Last week, we reported of the European Parliament commissioned a Report on digital currencies. Now a second Report has surfaced, however, a different team of authors has written. We compare the findings from both Reports and make the analysis on the Actions of the EU Parliament can have an impact.
The Committee on the economy and currencies of the European Parliament (ECON) gave a report on digital currencies in order. This In-Depth Analysis is intended to give the Committee recommendations for action for dealing with virtual currencies in the European economic and financial policy. Last week, we wrote about the analysis created by the Kiel Institute for the World Economy. Now, we consider the development of the Center for Social and Economic Research, which puts a slightly different emphasis in the analysis.
Two analyses, two considerations
In the analysis of the Kiel Institute, the distinction between digital currencies and crypto-state currencies are in the centre. So a crypto-currency is a special form of digital currency that uses cryptographic functions. In the evaluation, the Team from the Kiel Institute distinguishes between the two terms. While a digital currency in General, is seen as potentially profitable for the banking system, crypto-currencies viewed with skepticism. So the analysts don’t trust it, for example, the Bitcoin, to be in the future a serious Alternative to national currencies.

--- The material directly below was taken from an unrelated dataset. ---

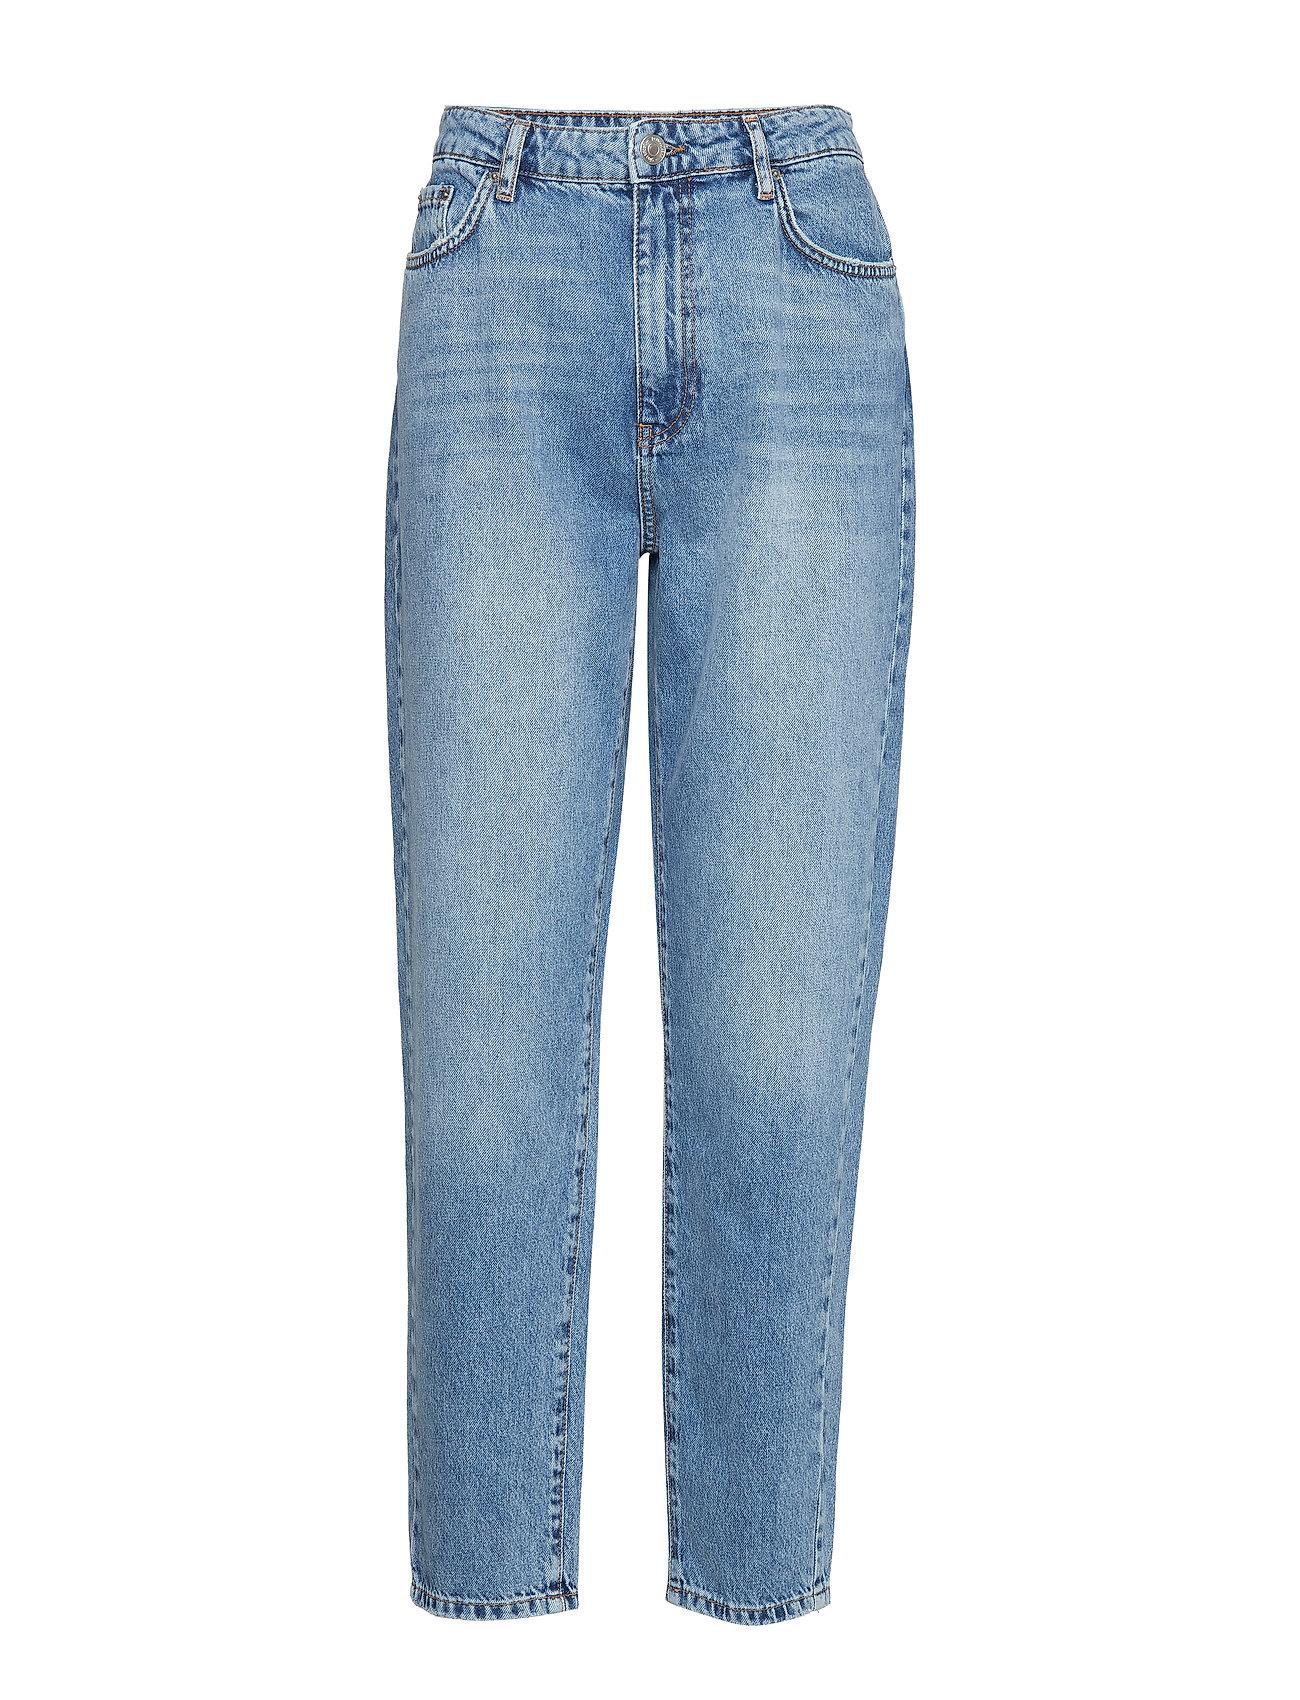 Gina Tricot Dagny mom jeans - MID BLUE

The root note in the second analysis is clearly tuned to be more optimistic towards crypto-currencies. Thus, the analysis Team writes from digital currencies means the currencies in the majority of cases, Crypto. This is clear, as it means that, digital currencies are based in many, if not all, of the cases on the Blockchain technology. Thanks to this, you were relatively safe, transparent and fast. The analysts compare crypto currencies with paper money since the 18th century. and 19. Century in circulation. In contrast, crypto-currencies globally and across borders to be usable.
The Center for Social and Economic Research agrees with the Kiel Institute that the role of crypto-currencies as the Transaction will remain for the time being, limited. You don’t have to justify it so that it is in wide enough acceptance for crypto-currencies. The store of value function of crypto will benefit from the primary use of currencies remain field – what long-term investors. Here, too, you don’t trust the Bitcoin and other crypto-currencies, the demand for Central Bank money out. An exception to economies in which political or economic crises, hyperinflation or other problems. Here crypto-currencies could be the failure of the traditional institutions of the field.
Guidelines for the European regulator
The report on the impact of crypto-currencies on the European economy and financial policy was given to the European Parliament in order. Accordingly, recommendations for action by European regulators. The analysts address the Fears of financial market regulators-money laundering activities, tax evasion and the financing of illegal activities. In addition, they wanted to prevent fraudulent financial products come in the Form of crypto-currencies on the market. However, the Report also argues for the crypto scene under a General suspicion.
In most cases, the cryptographic TRANS-actions from the free choices of market participants. Accordingly, regulators should assess you according to the same rules as other financial transactions. An Investment in crypto you should be a tax on currencies, therefore, also the same as in other financial products. At the same time, currencies – in the face of global and cross-border use of Crypto – collaboration of multiple jurisdictions is recommended. For this action the recommendation of the EU Parliament is in any case, the appropriate addressee.